Rockset is a highly elastic and distributed service that is deployed via Kubernetes. Due to the elasticity of the system, many servers are spun up and down all the time during normal operation. Unknown to us, there was a bug in our container networking interface that failed to de-allocate IP blocks assigned to new servers. Eventually we ran out of IP blocks to assign to new servers that get spun up, which caused a cascading failure leading to the long outage.
Not being able to assign IP blocks to new servers caused lots of warning log lines to be generated on our Kubernetes control plane nodes, which eventually filled up the disks and triggered the automatic eviction of several control plane services to try and reclaim disk space, but it was ultimately unsuccessful. The absence of one of these control plane services caused another one of our services that provides fined grained access to AWS APIs to fail as well, which ultimately led to our data nodes not being able to do their job.

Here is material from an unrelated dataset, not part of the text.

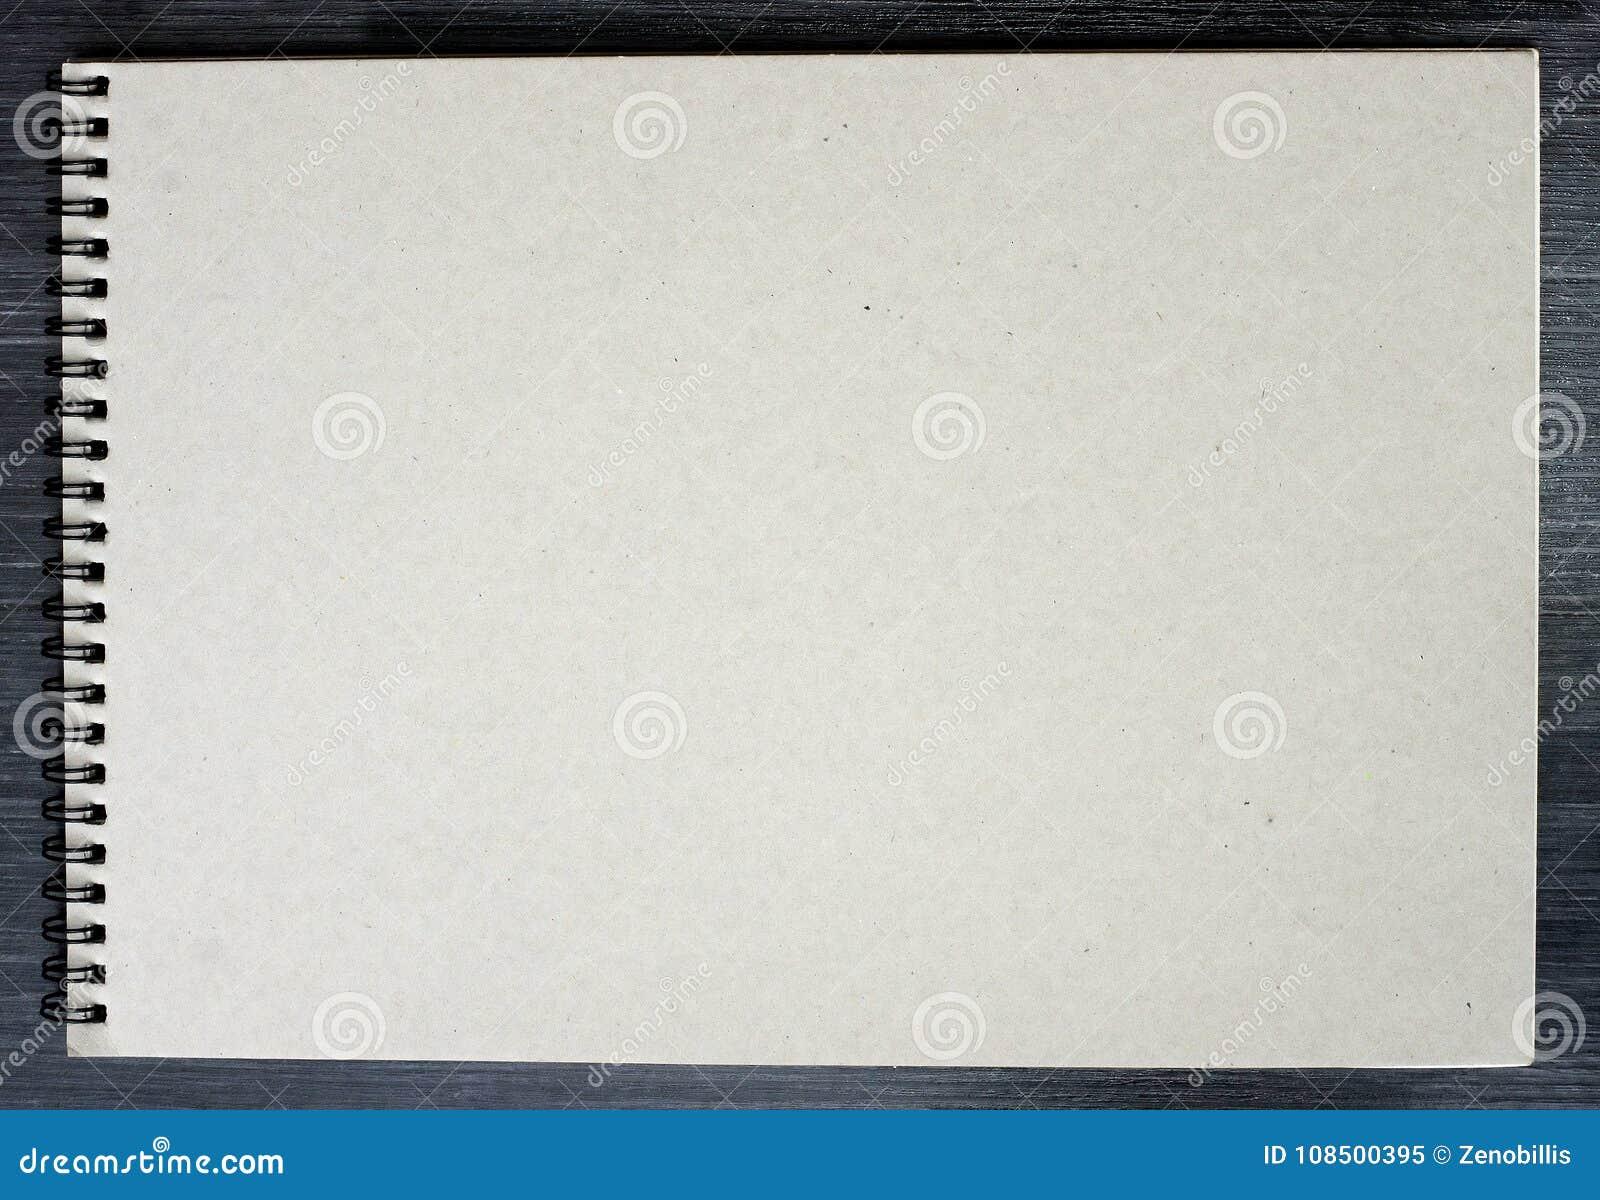 Bloco de notas vazio para esboçar com as páginas do cartão no fundo preto

We will be making several changes to our infrastructure to prevent this type of failure from occurring again. Some of the changes address the root cause, such as fixing the underlying IP address allocation bug, and monitoring available number of intranet IP addresses. Other changes are designed to prevent the failures from cascading from one part of the infrastructure to the rest, and adding more monitoring for all mission critical services. We also have long-term plans that will make such a failure mode no longer possible.
We sincerely apologize for the impact this has caused for our customers. We will be doing everything we can to learn from this incident and do better for the future.